Posted: 2016/05/31 15:40 | Author: Cong

On 11 o’clock A.M, May 29th, 2016, Dr. Qianwen Miao passed the Doctoral Dissertation Defense in the conference room on 9th floor of Automation Building. His thesis topic is ”Integration of ultra-high field MRI and histology for computational neuroanatomy research ”.

Here is the abstract:

Computational neuroanatomy utilizes various imaging modalities and computational techniques to model and quantify the spatiotemporal dynamics of neuroanatomical structures in both normal and clinical populations. Magnetic Resonance Imaging (MRI) has become the preferred tool in computational neuroanatomy studies because of its feasibility and noninvasiveness. Clinical MRI technology and computational methods corresponding has made great contributions in the field of macrostructural neuroanatomy. However, apply these techniques and methods to microstructural neuroanatomy research was difficult and questionable for the relatively low spatial resolution of clinical MRI. Main contributions of the dissertation can be summarized as follows:

(1) We proposed a systemic scheme for computational neuroanatomy study with multi-dimensional information (Cyto-and myeloarchitecture) from multi-modal ultra-high field MRI and multi-stain histology. Ultra-high field magnetic resonance imaging (MRI) at 7T or higher field has become increasingly relevant for neuroscientific research because of improved spatial resolutions. Histological studies for long played an important and fundamental role in brain development and neuropsychiatric disorder research. Current developments in the field of neurohistology are rediscovering the richness of immunohistological information when applying a multi-stain systematic approach to brain structure. By employing both of these technologies, we proposed a systemic scheme for computational neuroanatomy study, capable of revealing microstructural and macrostructural neuroanatomy of the tissue at the same time.

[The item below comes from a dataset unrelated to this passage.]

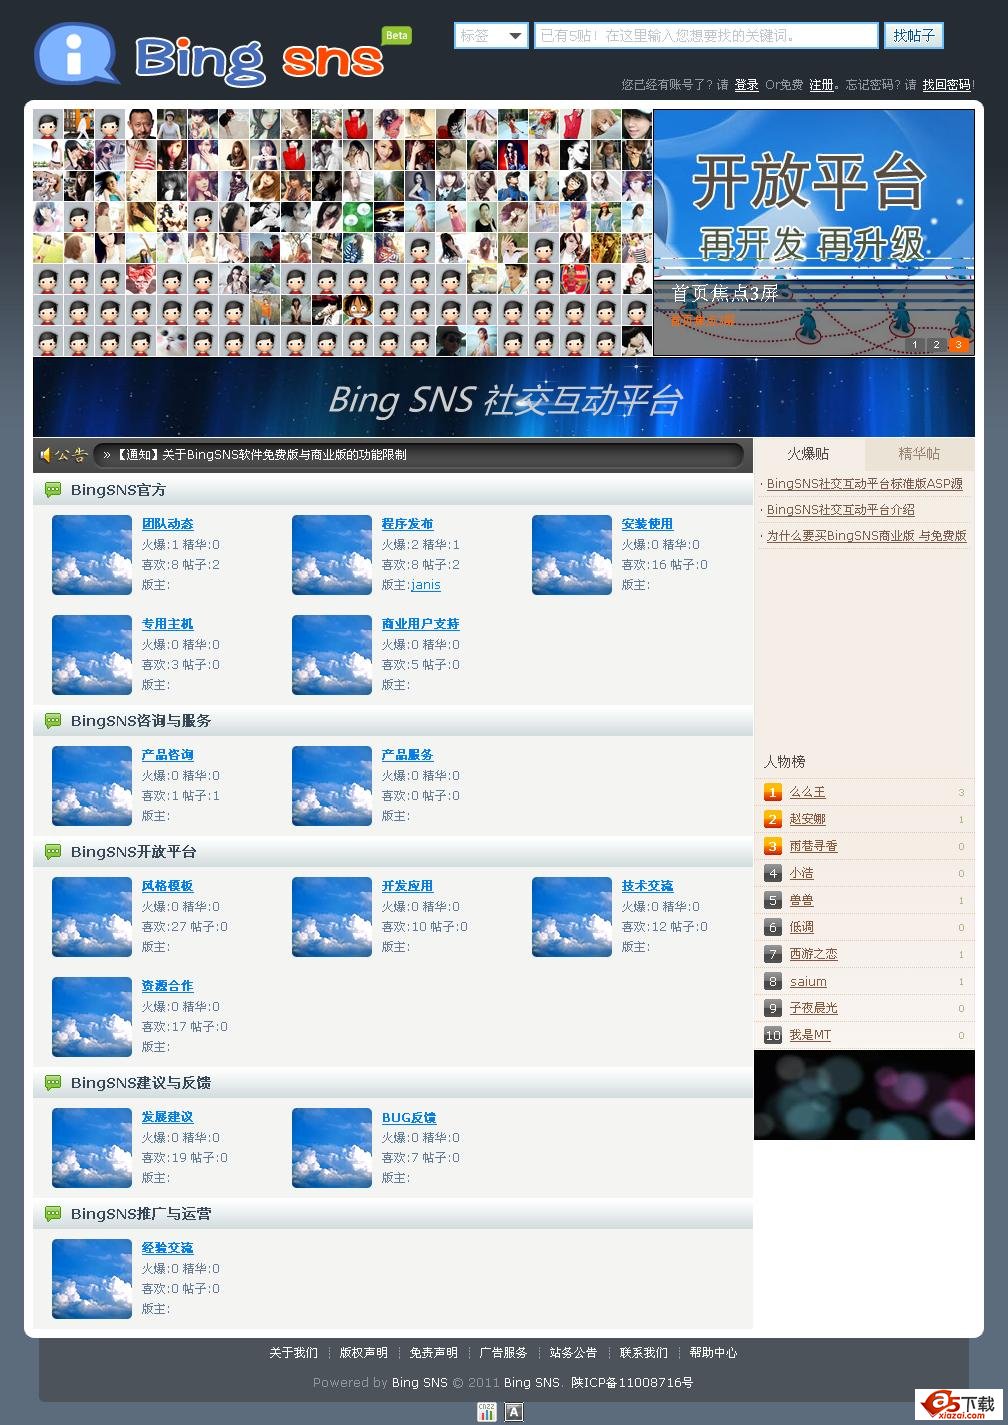 BingSNS社交互动平台 V2.6 微博控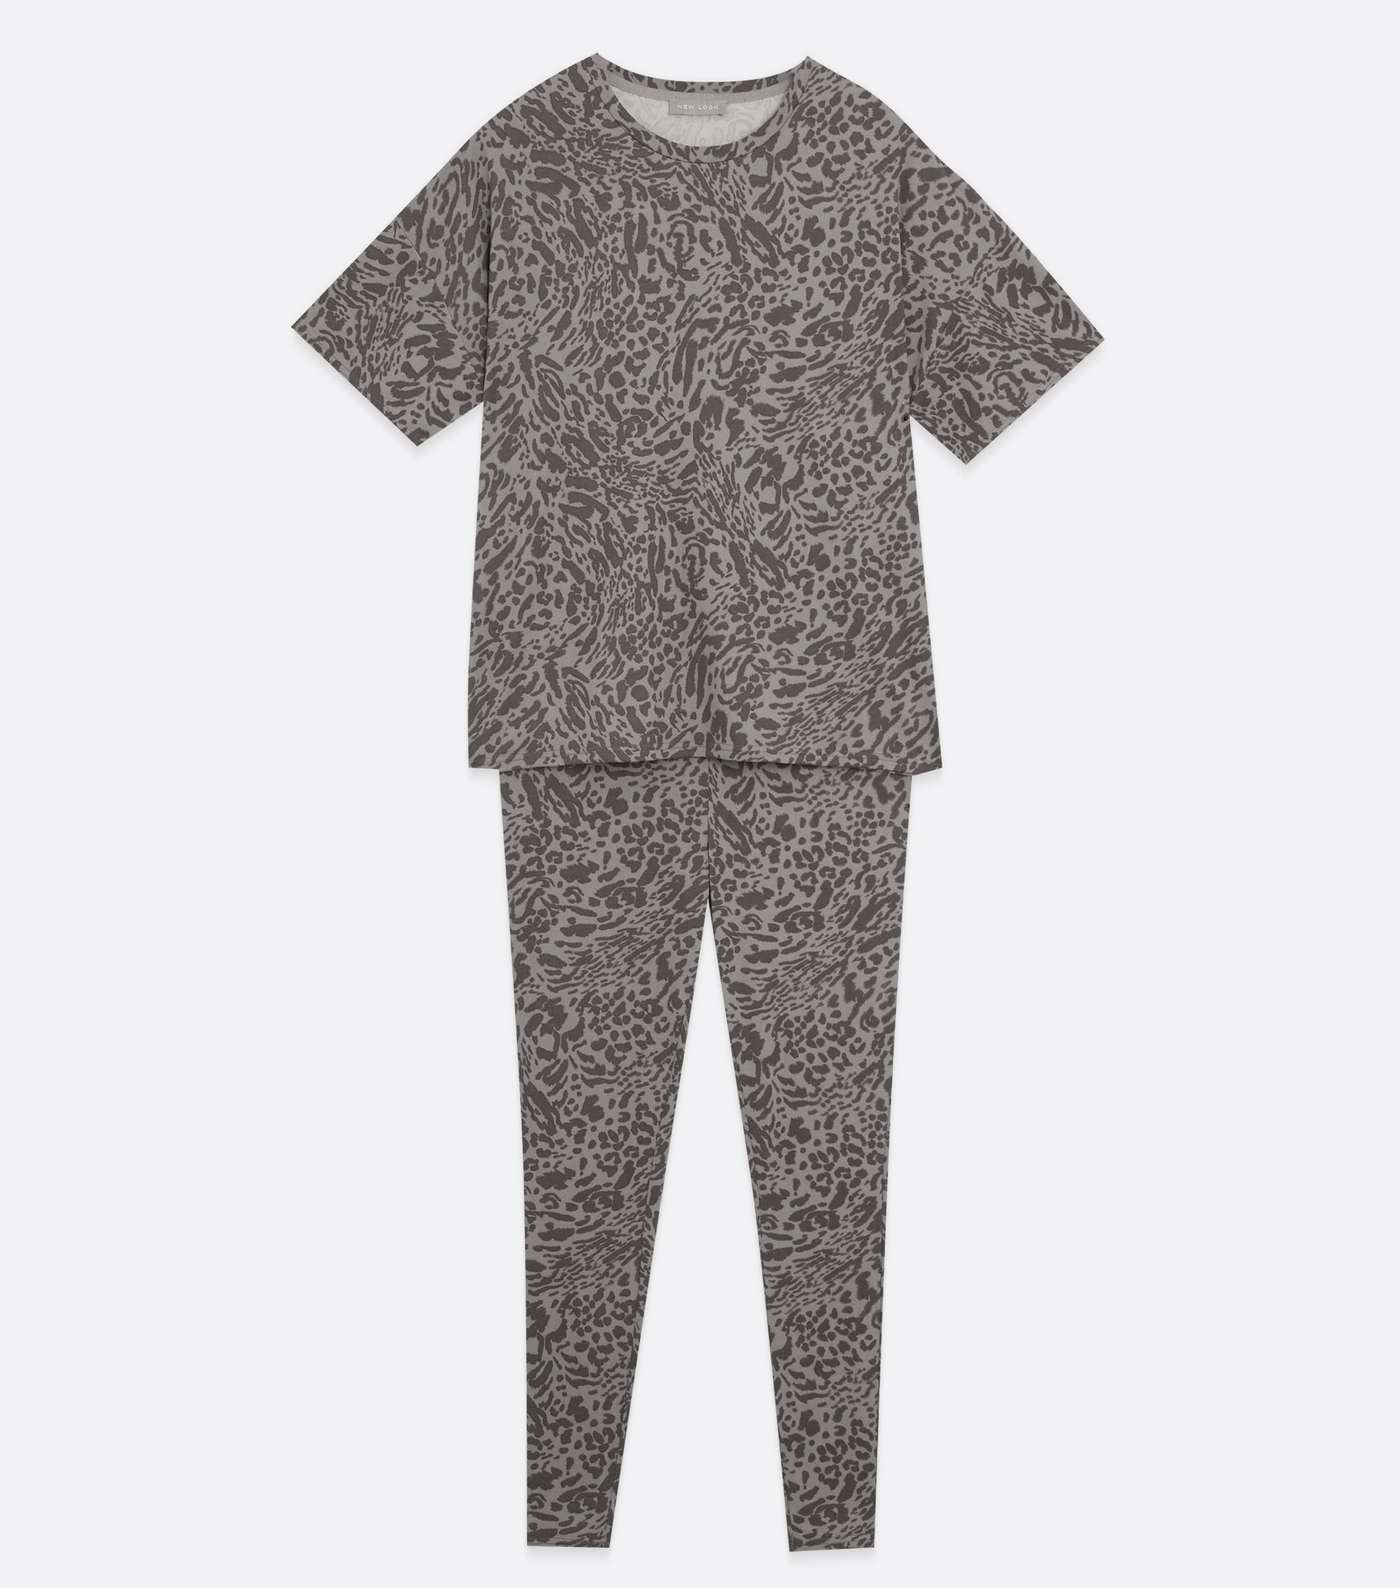 Grey Soft Touch Legging Pyjama Set with Animal Print Image 5

(2) Data acquisition and processing methods for the proposed computational neuroanato my study scheme. 7T and 9.4T MRI scanners and multi-stain immunohistological technique were applied in the scheme. To tackle the image integration problem of multi-modal data, liner and non-liner registration method and multi-step registration strategy were applied. The results suggested good accuracy of image information integration.

(3) Human hypothalamus anatomy study using the computational neuroanatomy study scheme. To test the feasibility of the scheme, we processed the complex and incompletely known human hypothalamus using the full processing pipeline, and further explored the anatomy/connectivity of hypothalamus using fiber clustering technique. The results may push our understanding of human hypothalamus forward.